Джинни видела несправедливость, предпочитала не замечать собственную усталость. Усталость копилась. Не смотря на весь свой потенциал, она по-прежнему оставалась неопытной и наивной девчонкой.
В её картине мира не было прописано того, что порой полезнее приумолкнуть, хотя бы временно засесть на дно и там зализать раны, хладнокровно оценивая ситуацию со стороны. А ситуация была такой, что со дна Джинни вылезать и вовсе не следовало. Увы, имея в качестве жизненного ориентира Гарри Поттера и чуть менее проблемных, но всё же достаточно бедовых старших братьев, маленькая дурочка не смогла тихонечко отсидеться. О, нет, она не выпячивала напоказ свою непокорность, как делал Поттер с той неприятной женщиной в розовом, однако Кэрроу многого было и не нужно.
Спокойный и твёрдый отказ практиковать тёмную магию на заплаканных младшекурсниках — и теперь напару с круглолицым недотёпой Невиллом она служит наглядным пособием для отработки Круциатуса.
Громадина с лицом, не обременённым интеллектом, всегда улыбается мерзко. Единственное, на что способно его скудное умишко, это осквернять ущербностью мир вокруг себя, втягивая в разрастающееся кольцо злобы таких же прогнивших недоносков. В их магии ни изысканности, ни возвышенности — посредственность, которая возомнила о себе невесть что. Амикус Кэрроу, я бы убил бы тебя, представься мне возможность.

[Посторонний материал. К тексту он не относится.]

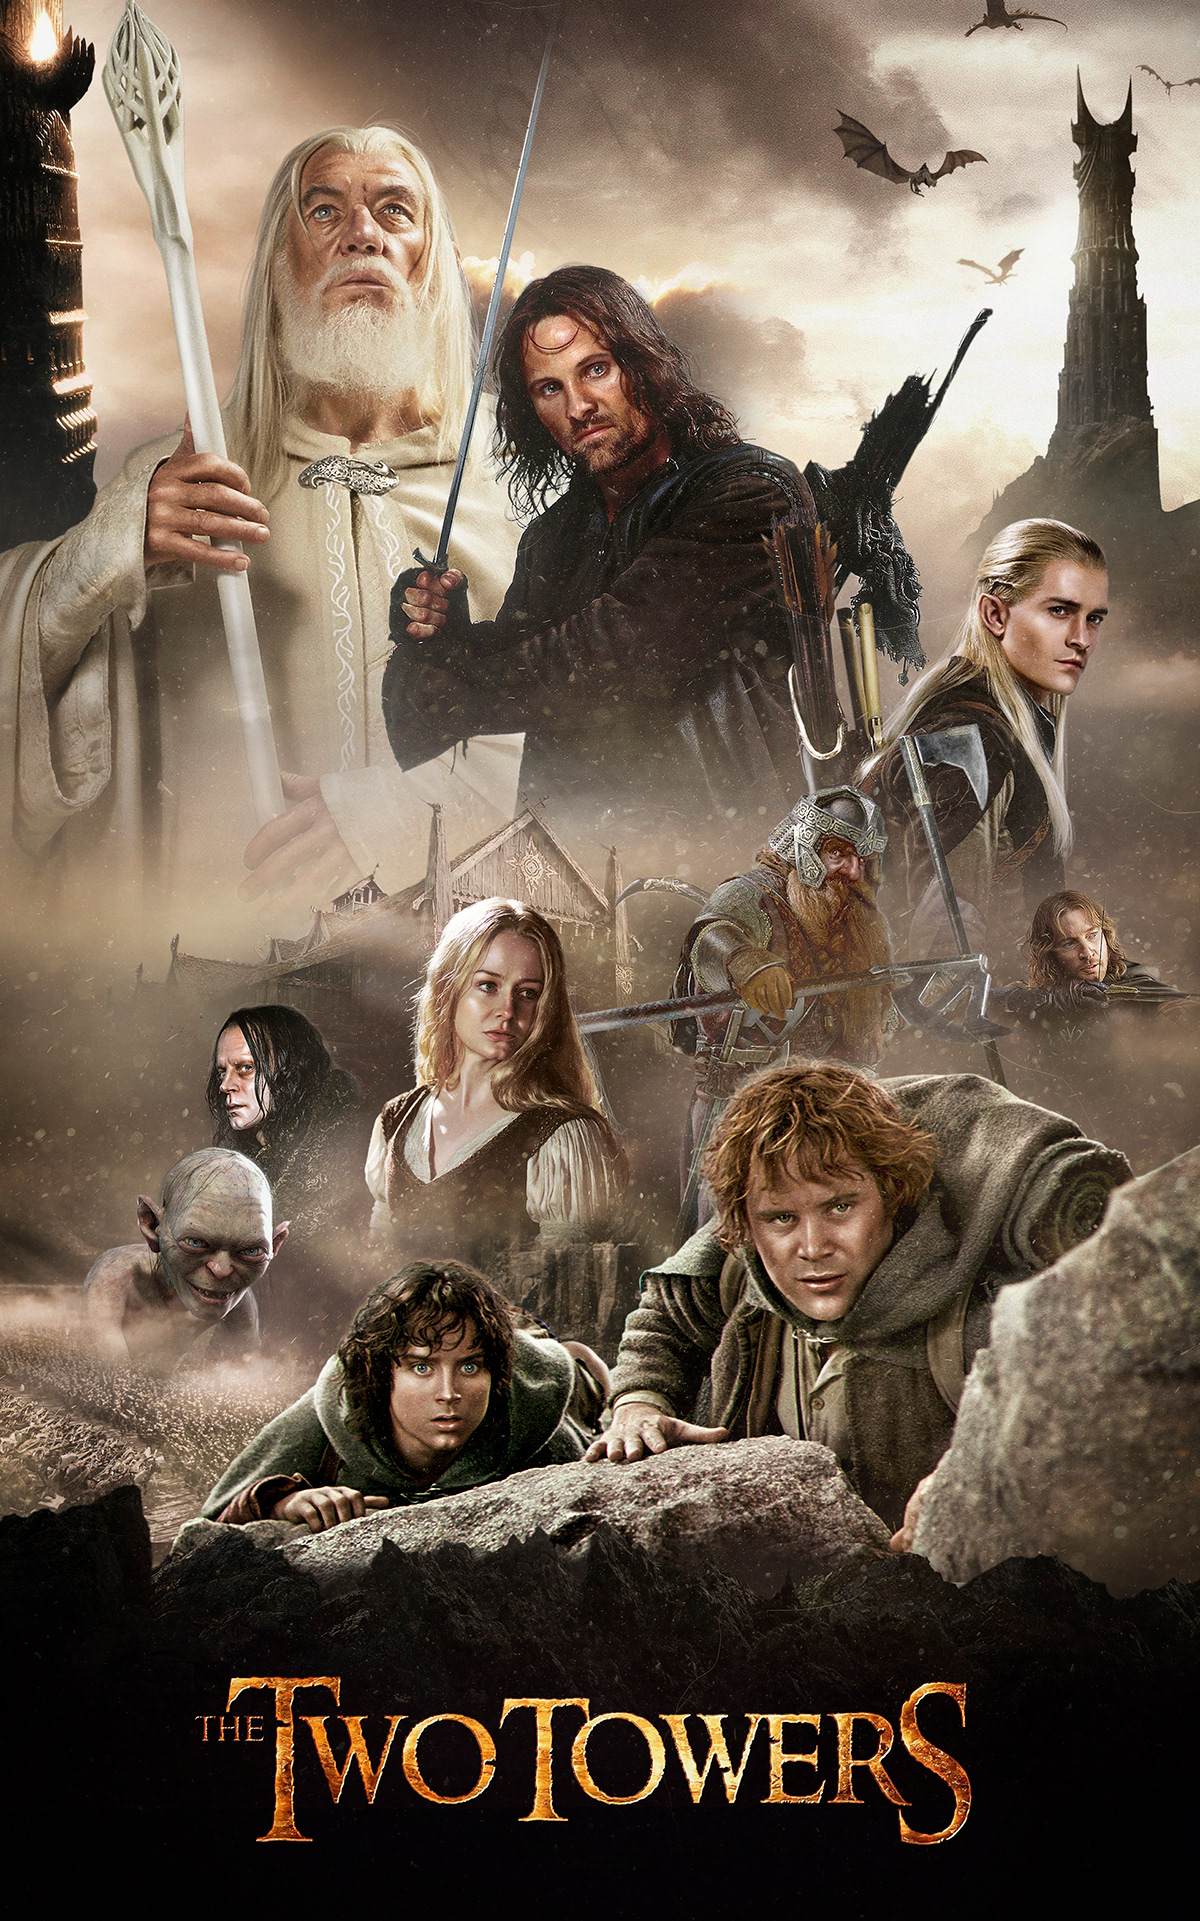 The lord of the rings the two towers frodo sam legolas Gimli movie Gollum

Глупо было полагать, что Джинни не припомнили бы её прогулок с Поттером. Это сделало её мишенью грязных шуток и предложений. И если от учеников отбиться Джинни ещё могла, то Кэрроу был в другой весовой категории. К счастью, Снейп так же заметил его подозрительную активность по отношению к ней, дальше вульгарных слов Кэрроу заходить не смел.

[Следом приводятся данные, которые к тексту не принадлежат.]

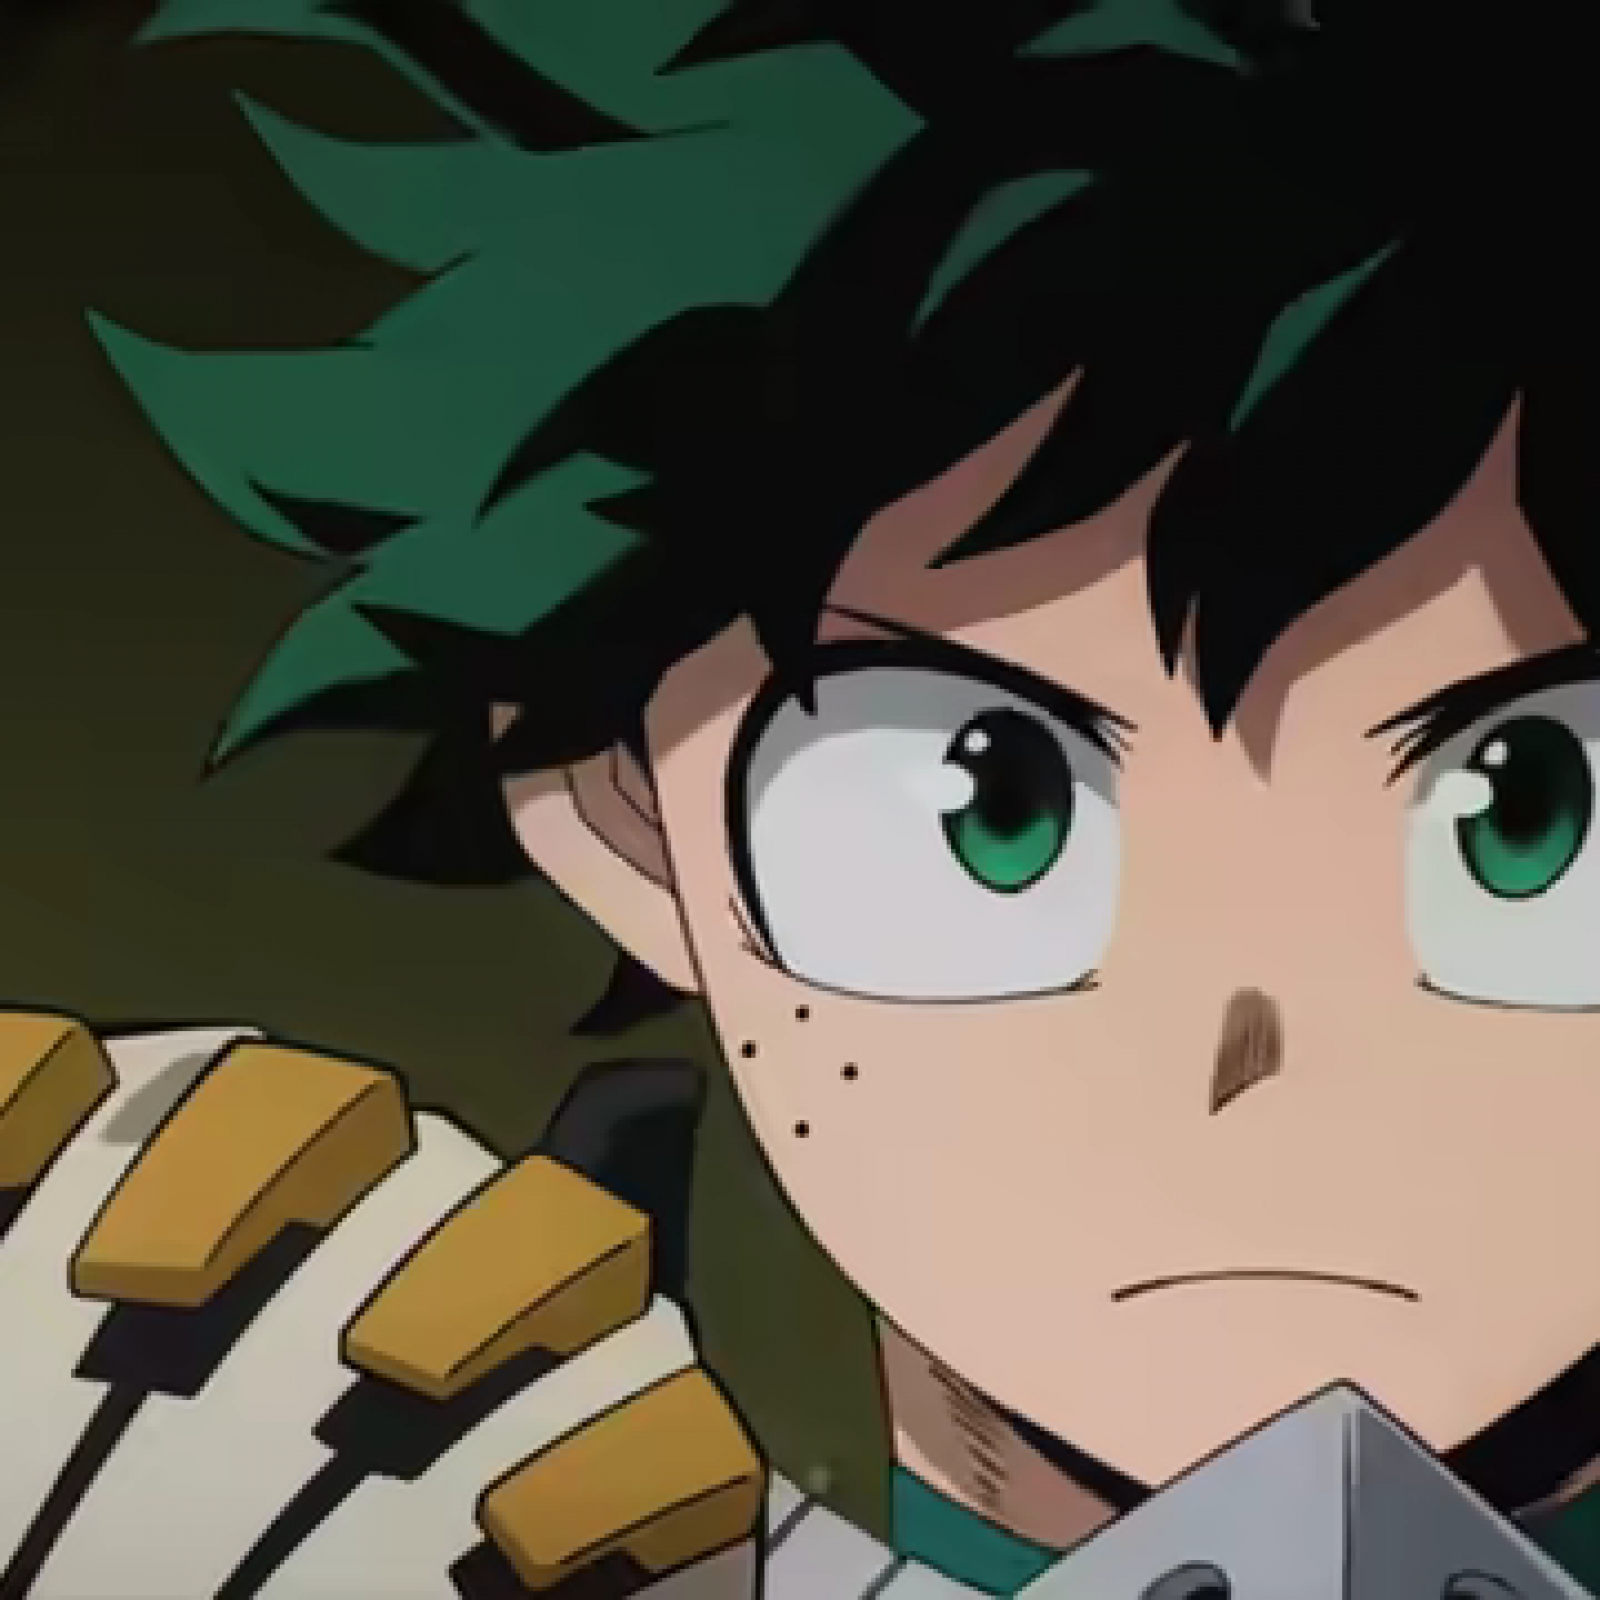 My Hero Academia' Movie 3 Trailer, Release Date and Synopsis Revealed

Но заходила жестокость. Бесконечные придирки обеспечили для Джинни место тренировочного манекена. Какой бы ни была тема извращённых уроков Кэрроу, за десять минут до конца он приказывал всем выстроиться в шеренгу и устраивал показательную кару провинившихся.
— Идиот безмозглый, — проворчал Кэрроу отпихивая бледного дрожащего студента и занося палочку. — Смотри, как нужно, молокосос.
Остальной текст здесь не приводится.